Mais, attendu qu'ayant constaté que la somme condamnée à l'encontre de la défenderesse est établie par deux effets de commerce que la demanderesse a reconnu avoir reçus et à propos desquels une action en paiement a été intentée, la cour émettrice de la décision attaquée a estimé à juste titre que cela constitue une présomption forte de leur non-paiement, et a écarté la preuve du paiement par témoins, se fondant à cet égard sur les dispositions du deuxième alinéa de l'article 334 du Code de commerce qui stipule que la preuve doit être écrite lorsque la loi ou la convention le prévoit, sachant que la somme des deux effets de commerce dont le paiement intégral est allégué, établis par un titre écrit, dépasse le seuil autorisant la preuve par témoins. Ainsi, la décision n'a violé aucune disposition et est suffisamment motivée, et les deux moyens ne sont pas fondés.

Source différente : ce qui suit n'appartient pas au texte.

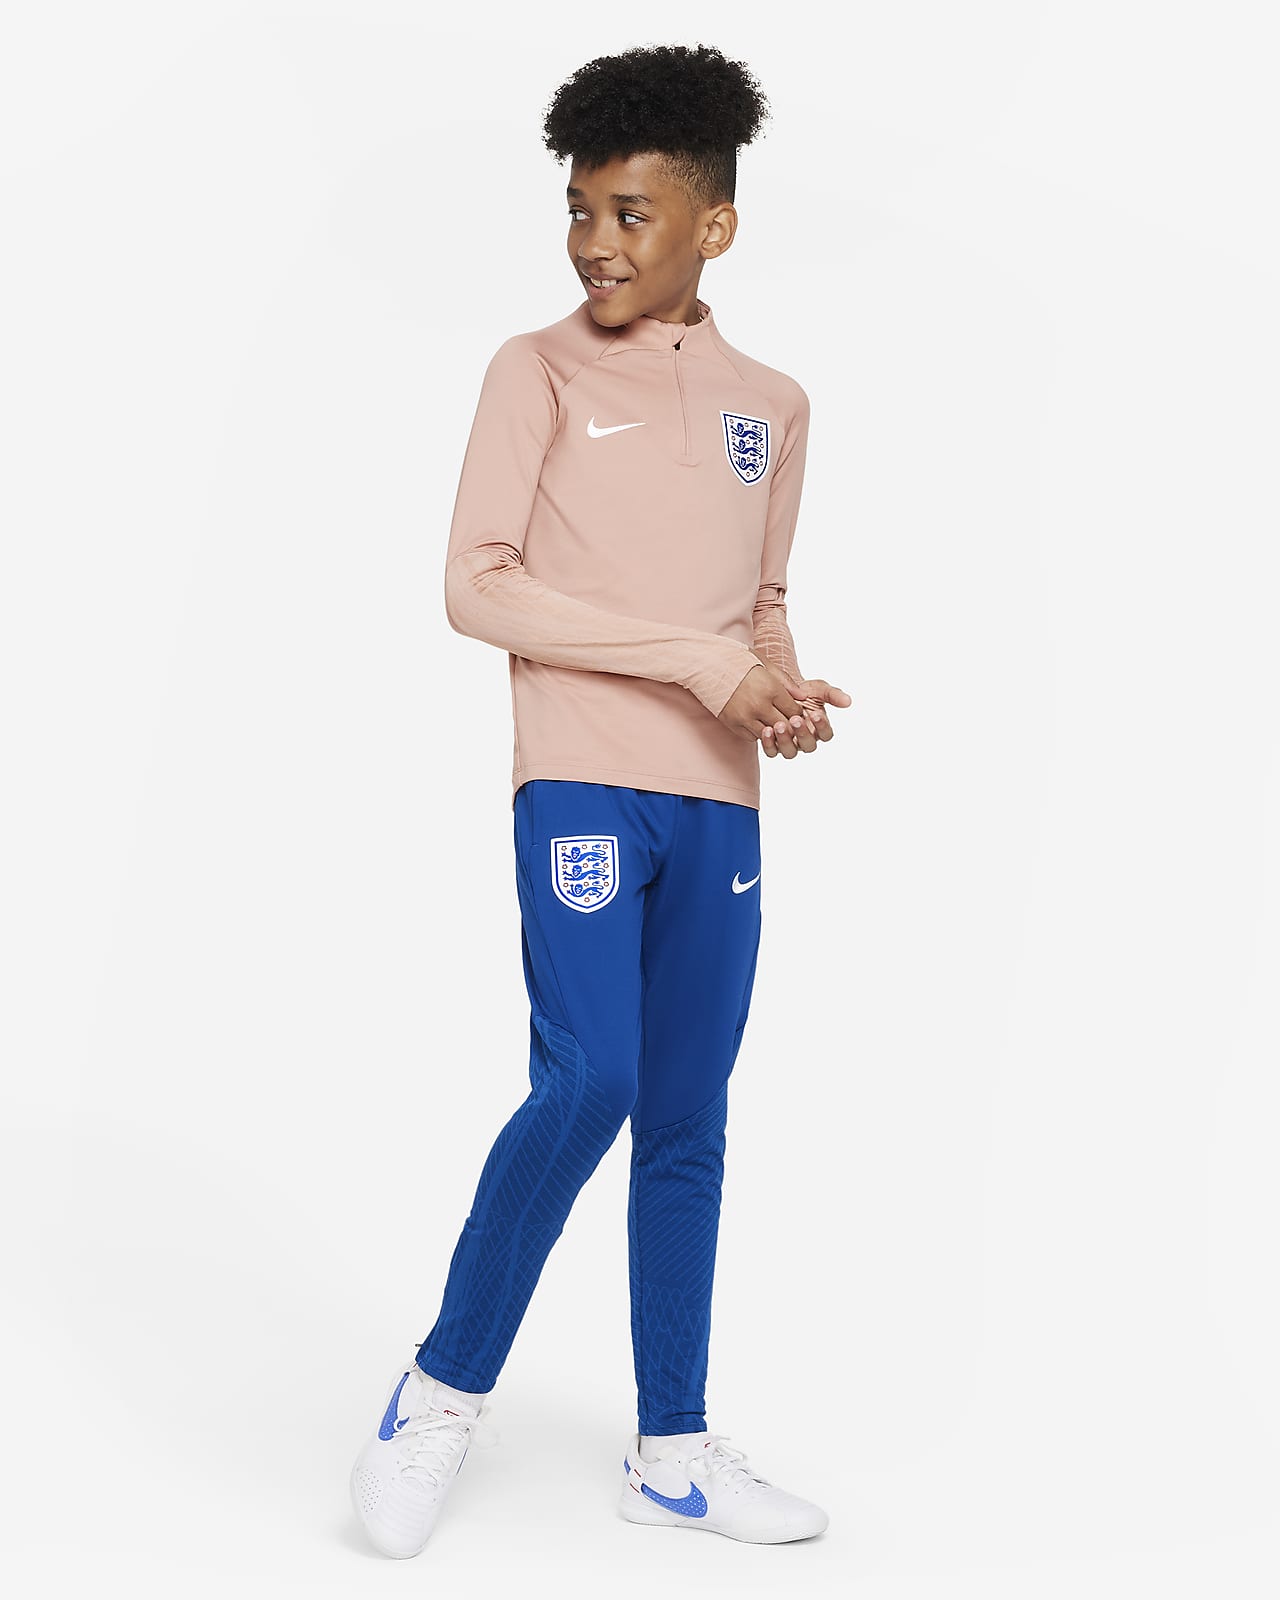 Boys Nike pants size 12 month | Nike pants, Boys nike, Pants
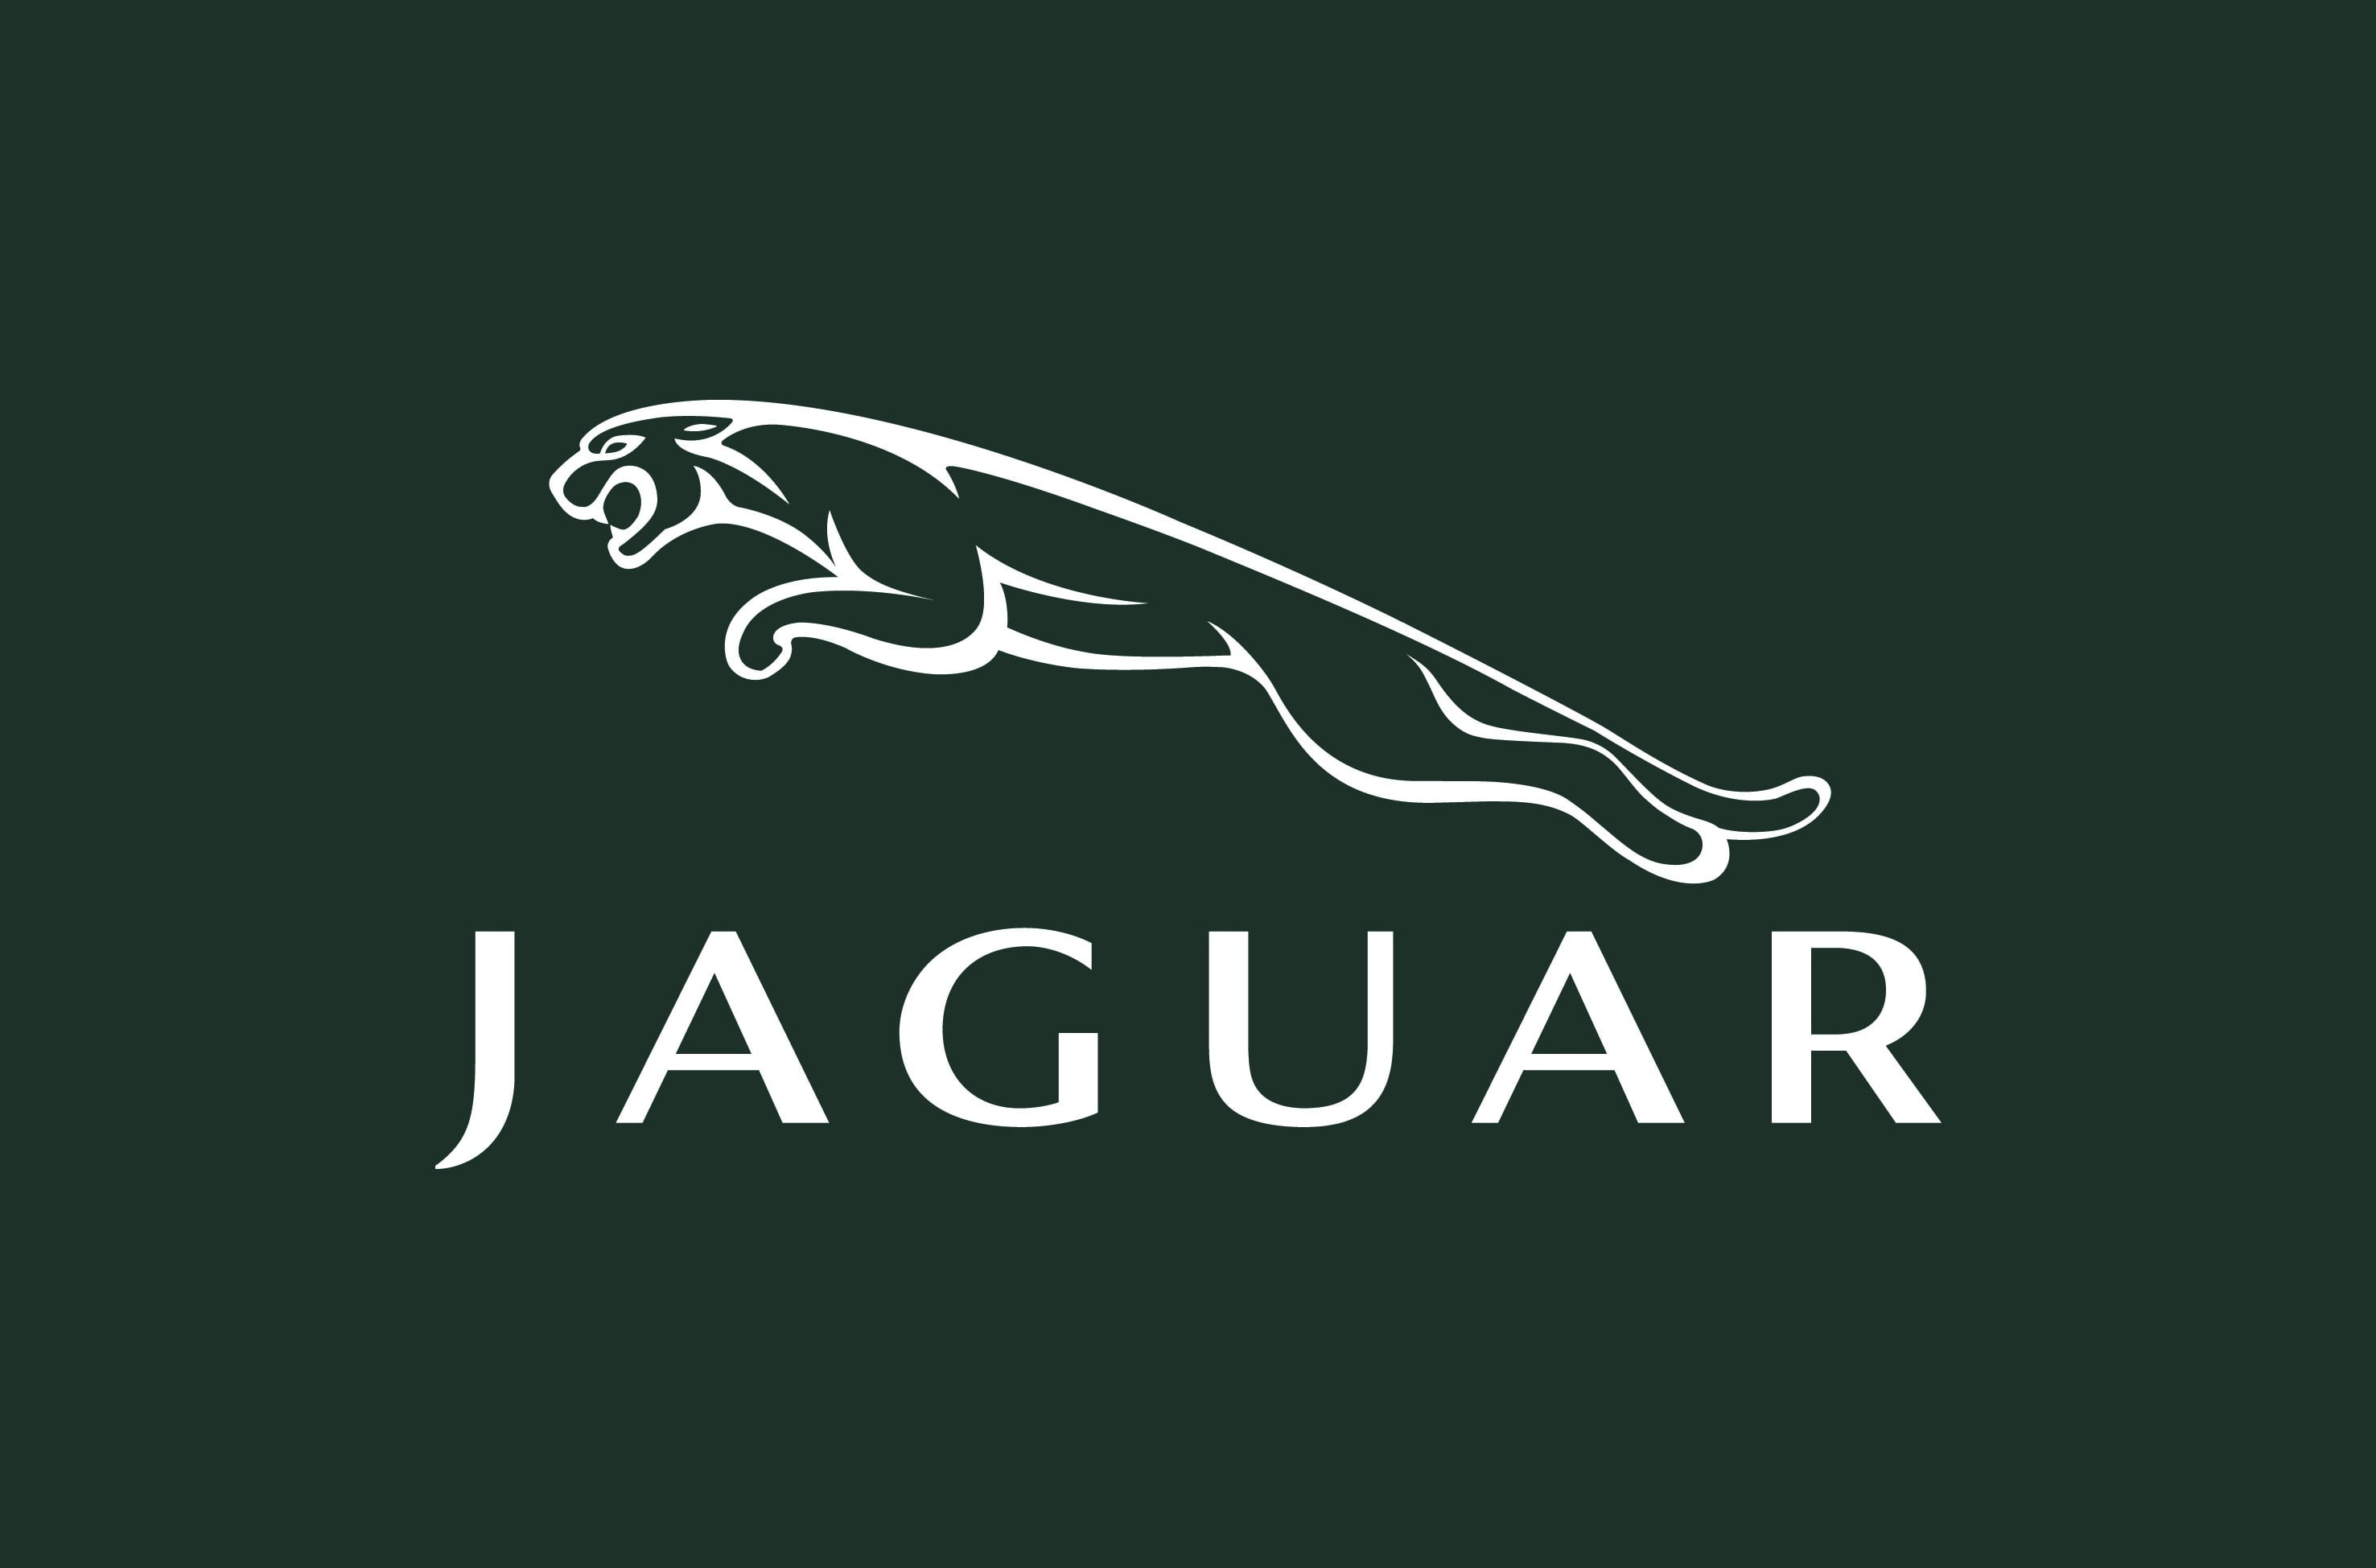 the inscription, Jaguar, logo, green, fon

La Cour de cassation a statué par le rejet de la demande.

Pour ces motifs

C'est ainsi qu'a été rendue la décision, prononcée à l'audience publique tenue à la date mentionnée ci-dessus dans la salle d'audience ordinaire de la Cour de cassation à Rabat, la formation de jugement étant composée de Madame Khadija El Bayane, présidente, et des conseillers Messieurs : Mohamed Ouzzani Taybi, rapporteur, et Mohamed El Karaoui, Hassan Srar et Saïd Choukib, membres, en présence du procureur général Monsieur Mohamed Sadik et avec l'assistance du greffier Monsieur Abd Ahmed.

Ait Ali

Le rapporteur

Traduction automatique fournie à titre indicatif. Seul le texte original en arabe fait foi.
Source : Portail officiel de la jurisprudence — CSPJ

Source : Cour de cassation – Base Open Data « Judilibre » & « Légifrance ».

Laisser un commentaire

En savoir plus sur Maître Reda Kohen, avocat en droit immobilier et droit des affaires à Paris

Abonnez-vous pour poursuivre la lecture et avoir accès à l’ensemble des archives.